Featured photo: Stephanie Hsu as Kat, Sabrina Wu as Deadeye, Ashley Park as Audrey, and Sherry Cola as Lolo in Joy Ride. (photo by Ed Araquel)
When I first saw the trailer for Joy Ride a few months ago, I was so excited.
A raunchy comedy with an all-female, Asian-American cast? Hell yeah. It’s what I have been waiting for.
Part Bridesmaids meets The Hangover with a unique adoptee backstory, the film promised to be the kind of hilarious summer movie experience not unlike the Apatow-laden funnies that made up the mid-to-late 2000s, but with faces that I could relate to.
But when I came out of the theater an hour and a half later, I was wrought with disappointment.
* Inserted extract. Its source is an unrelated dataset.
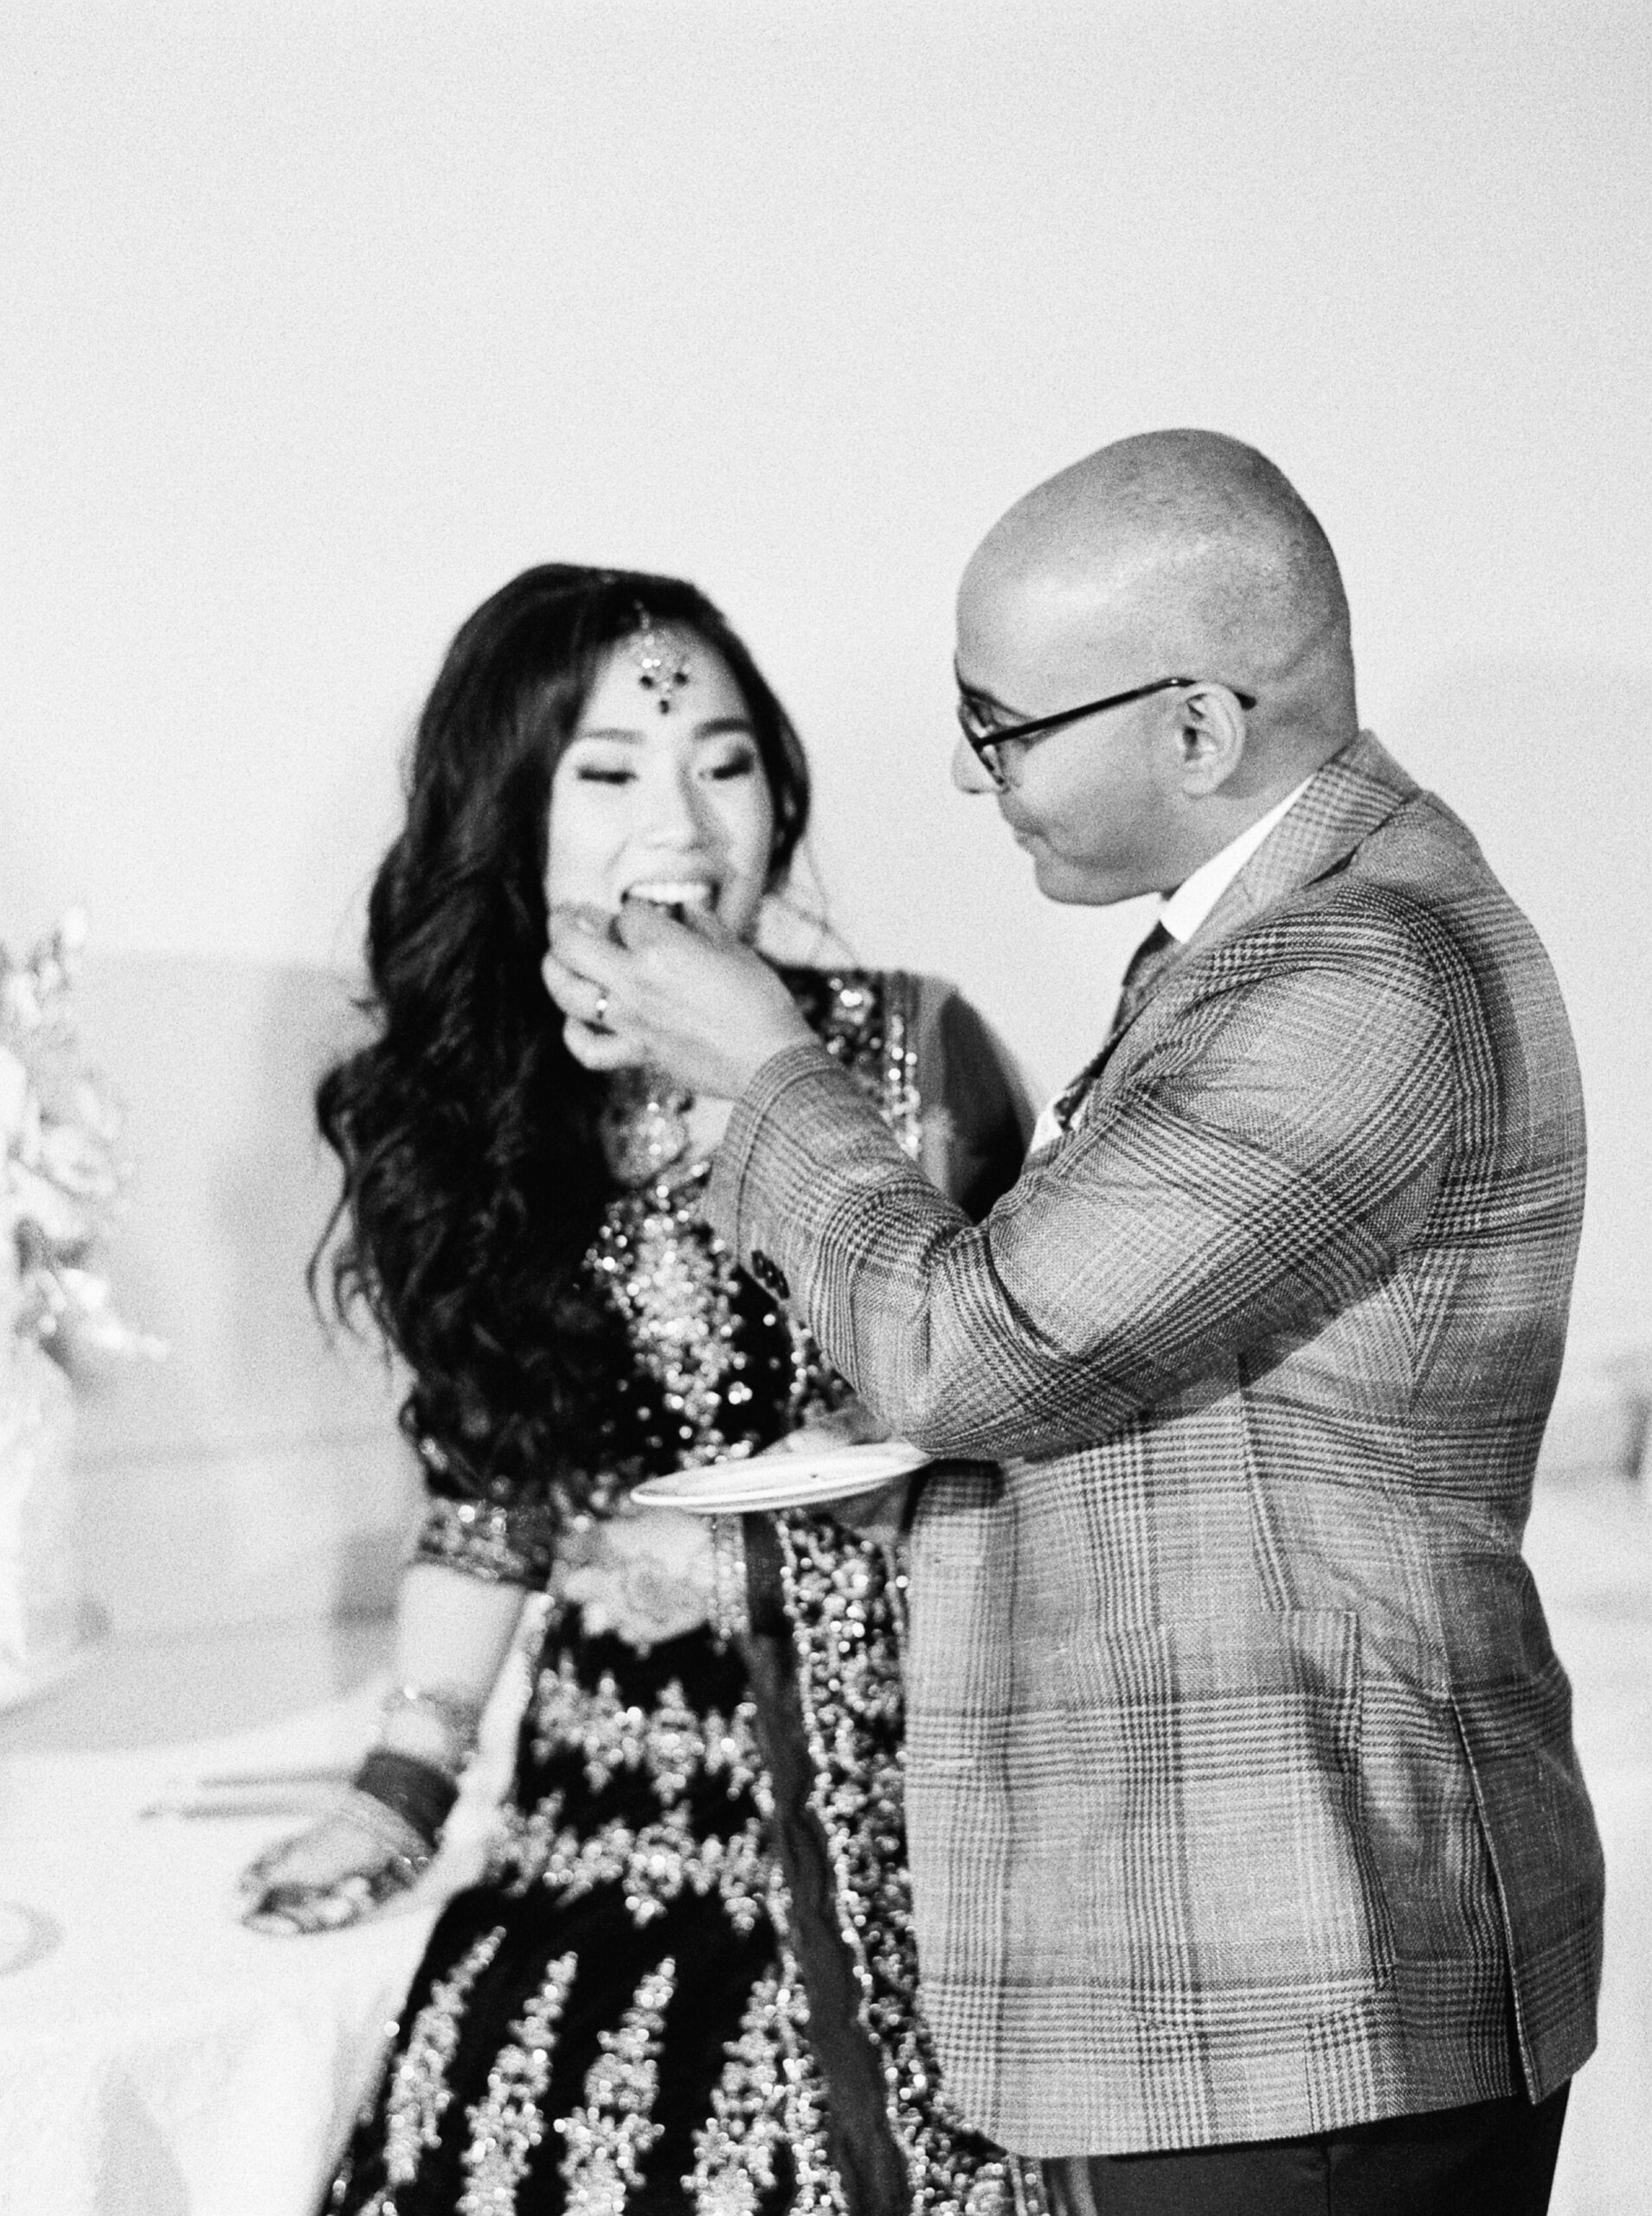  Cake cutting on black and white film | Indian Chinese Fusion Wedding | Calgary wedding photographers

The acting was fine; the jokes felt forced. And the story… well, it was all over the place. Threads were started and left limply hanging or forcibly tied into neatish knots. As a whole, the film felt unfinished. I felt let down. The movie was, in its full definition, mid.
But then, turning to Sam to analyze the movie on the way home, we came to the same conclusion.
It’s okay!
Why can’t we (the collective, nonwhite we) have things that are mid? Mediocre? Kind of a waste of time?
Not all of the art that we put out has to be an Everything Everywhere All At Once or Parasite or Beef-level work. In fact, only striving to create accolade-worthy art kind of feeds into the model minority myth, doesn’t it?
We are allowed to exist and create things that aren’t that good. I mean, white people have been doing it since the dawn of time.
Did you know that they’re making another Expendables movie?
So yeah, Joy Ride isn’t perfect. But that’s perfectly okay, because neither are we.